The entries below contain pictures. Write out only the lines from the line with "Heart, Wire and" up to and including the line with "Teacher Kathy McInerney", exactly, without them.
*** SOURCE MATERIAL ***
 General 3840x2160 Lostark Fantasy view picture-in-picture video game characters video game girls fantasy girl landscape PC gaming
*** End of SOURCE MATERIAL ***
*** SOURCE MATERIAL ***
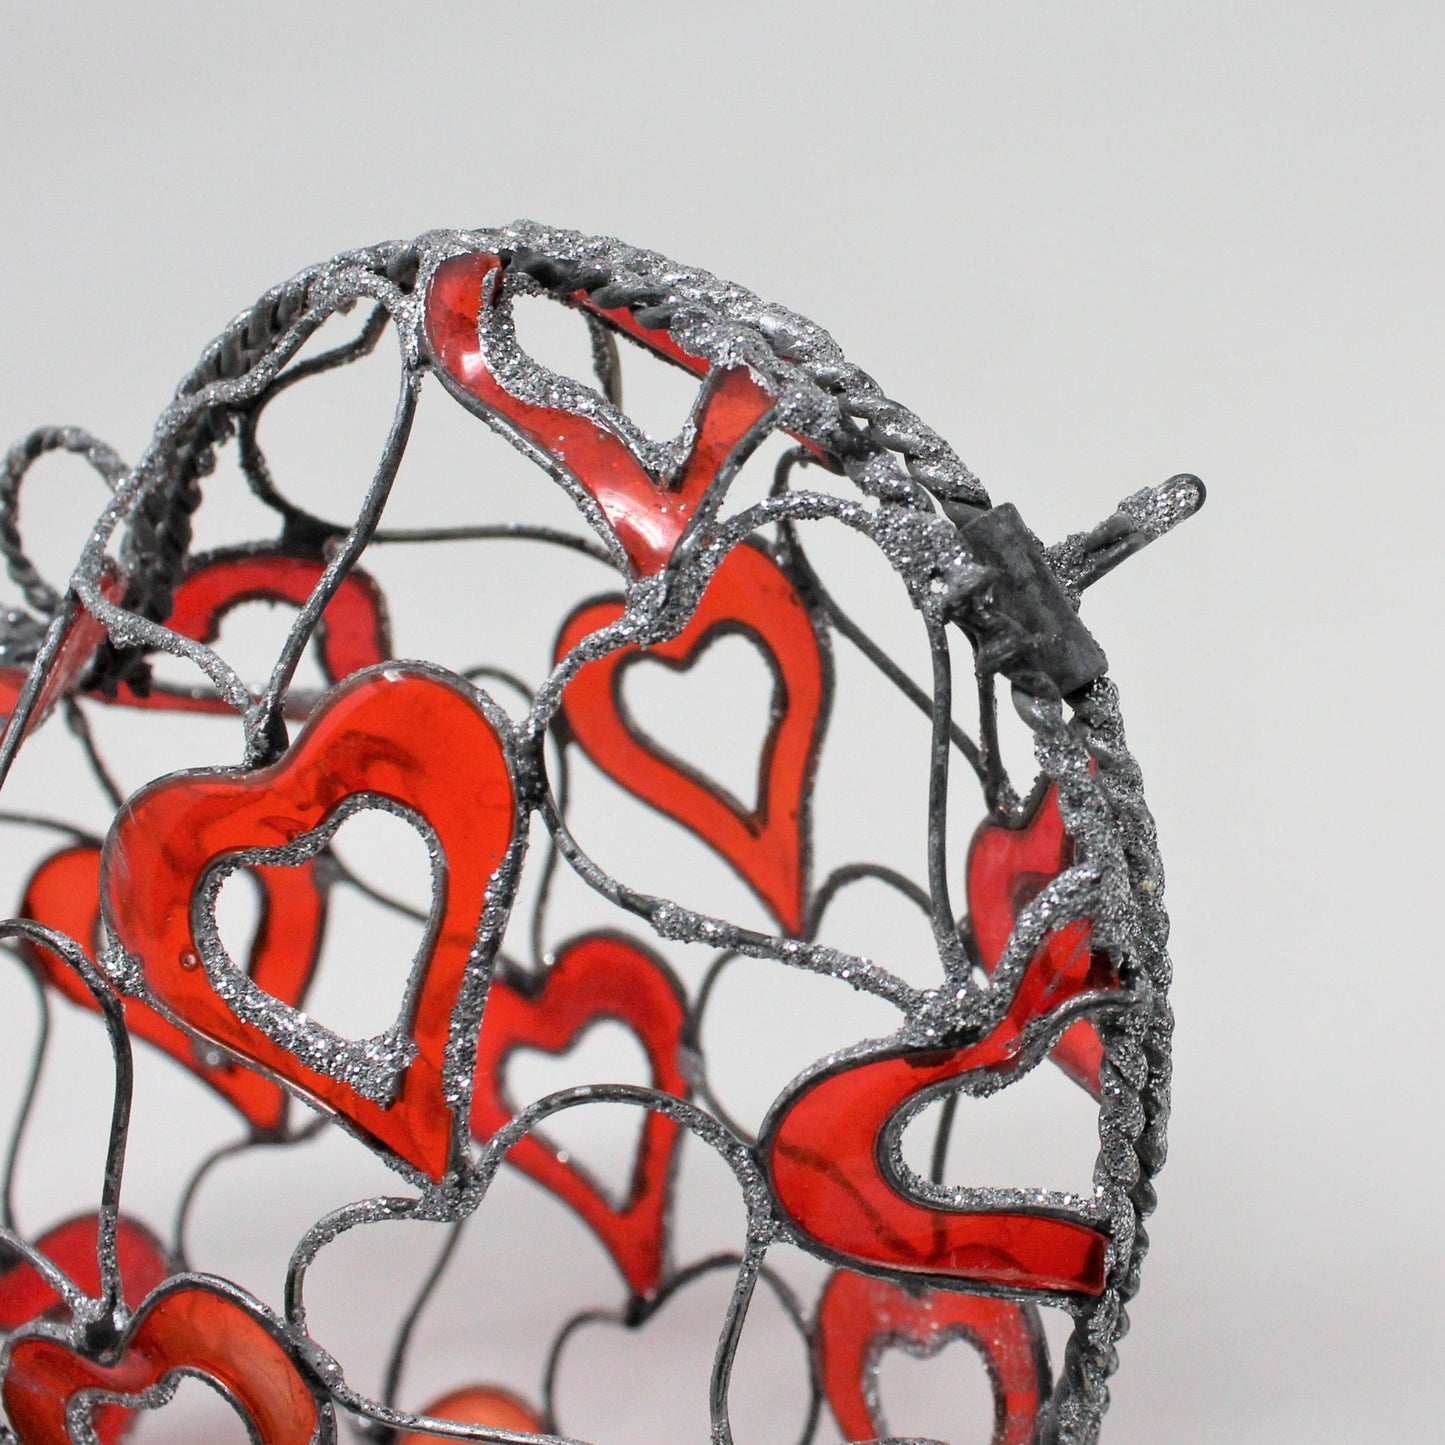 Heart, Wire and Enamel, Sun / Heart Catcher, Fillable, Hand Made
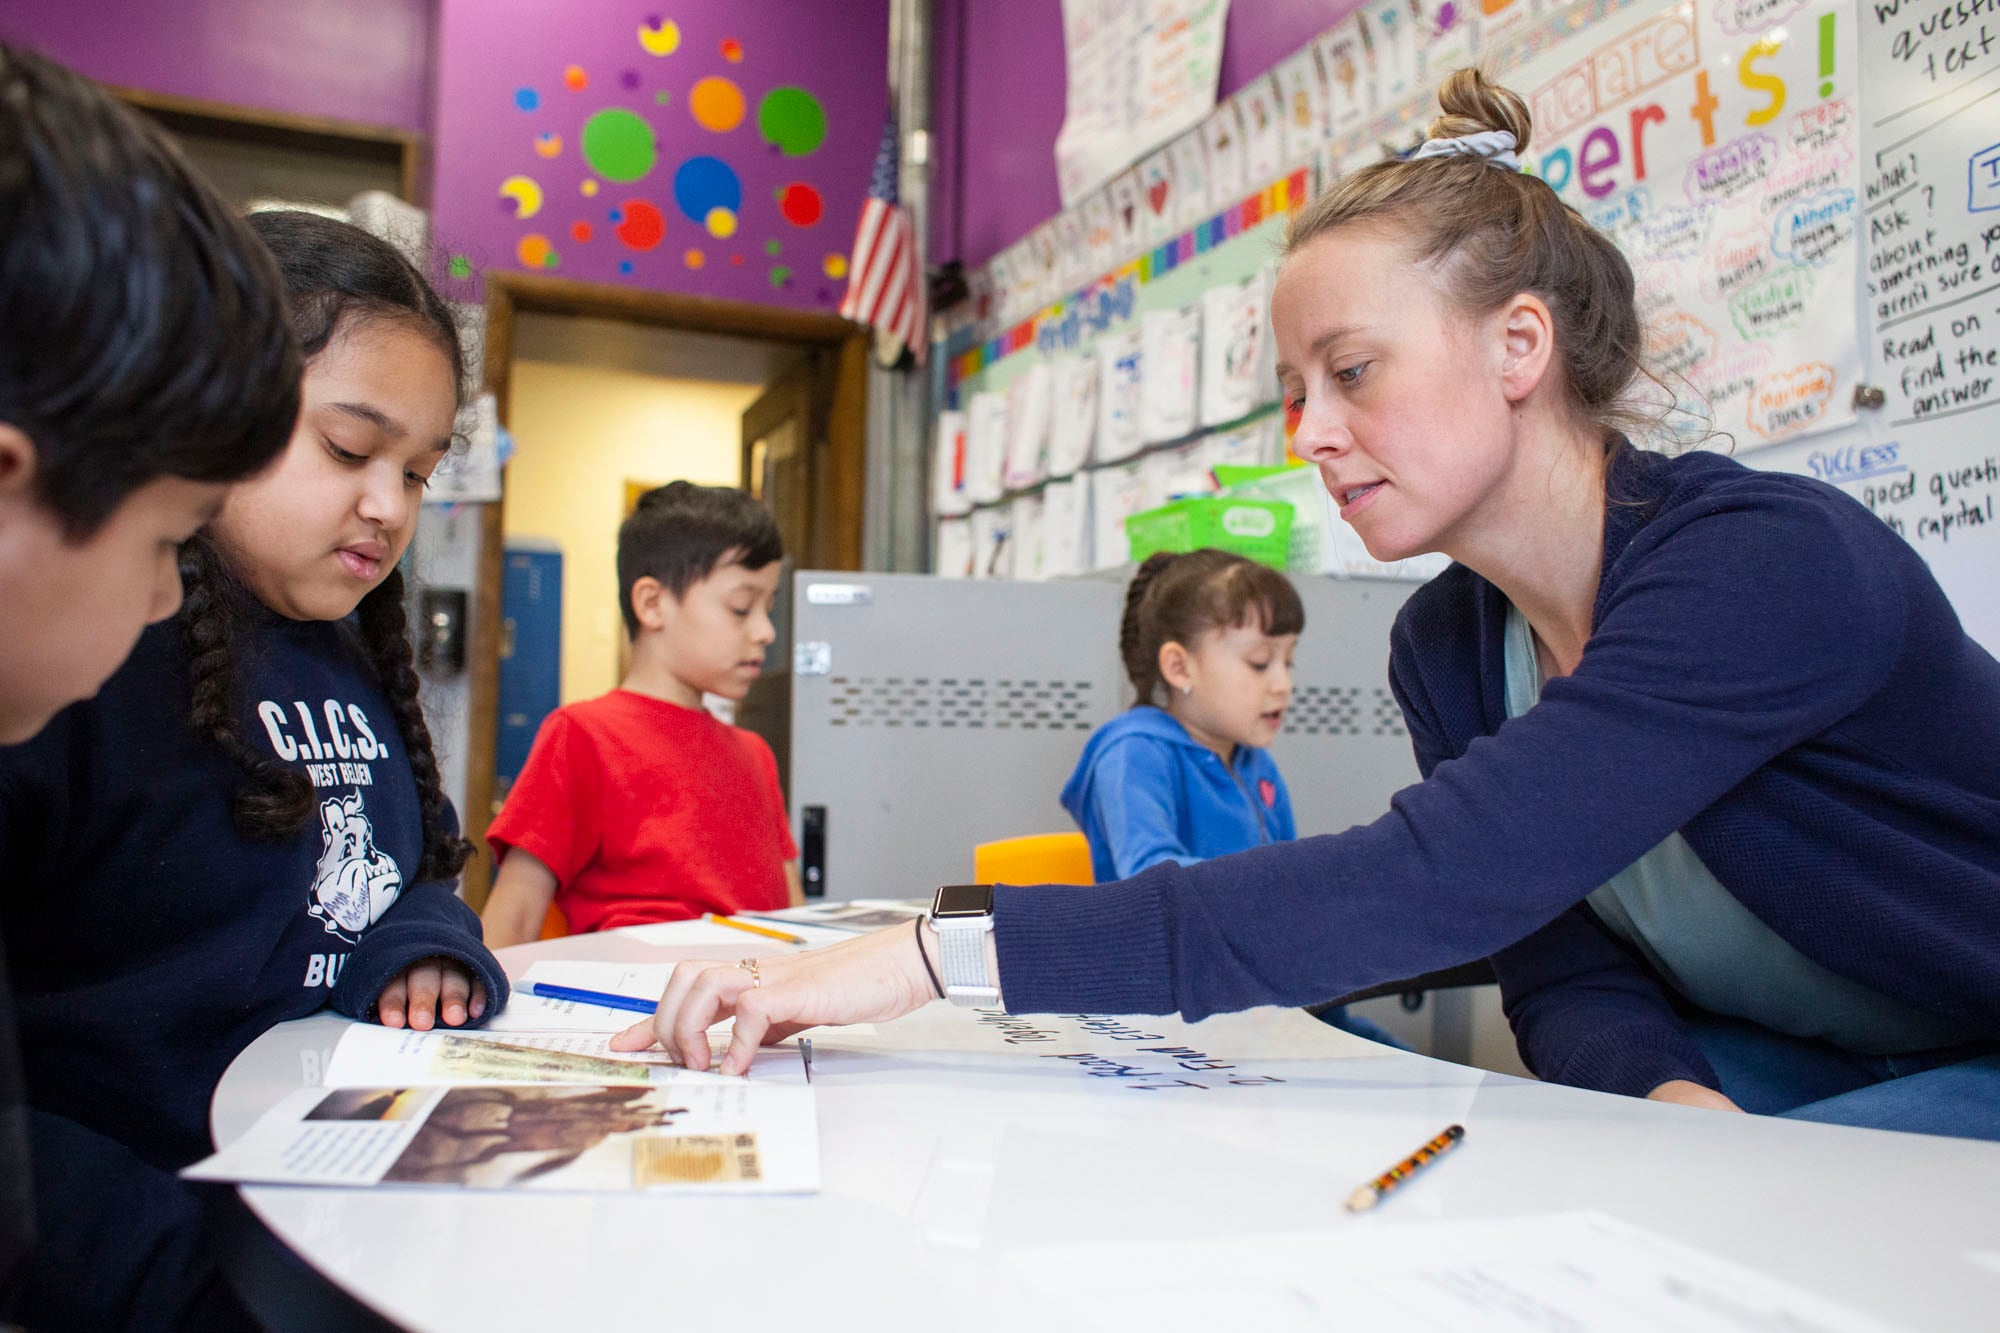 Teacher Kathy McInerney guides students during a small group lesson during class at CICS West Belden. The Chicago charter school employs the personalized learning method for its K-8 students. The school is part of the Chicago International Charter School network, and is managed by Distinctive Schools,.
*** End of SOURCE MATERIAL ***
> **RESPONSE FOR THIS EXERCISE**:
 Heart, Wire and Enamel, Sun / Heart Catcher, Fillable, Hand Made
 Teacher Kathy McInerney guides students during a small group lesson during class at CICS West Belden. The Chicago charter school employs the personalized learning method for its K-8 students. The school is part of the Chicago International Charter School network, and is managed by Distinctive Schools,.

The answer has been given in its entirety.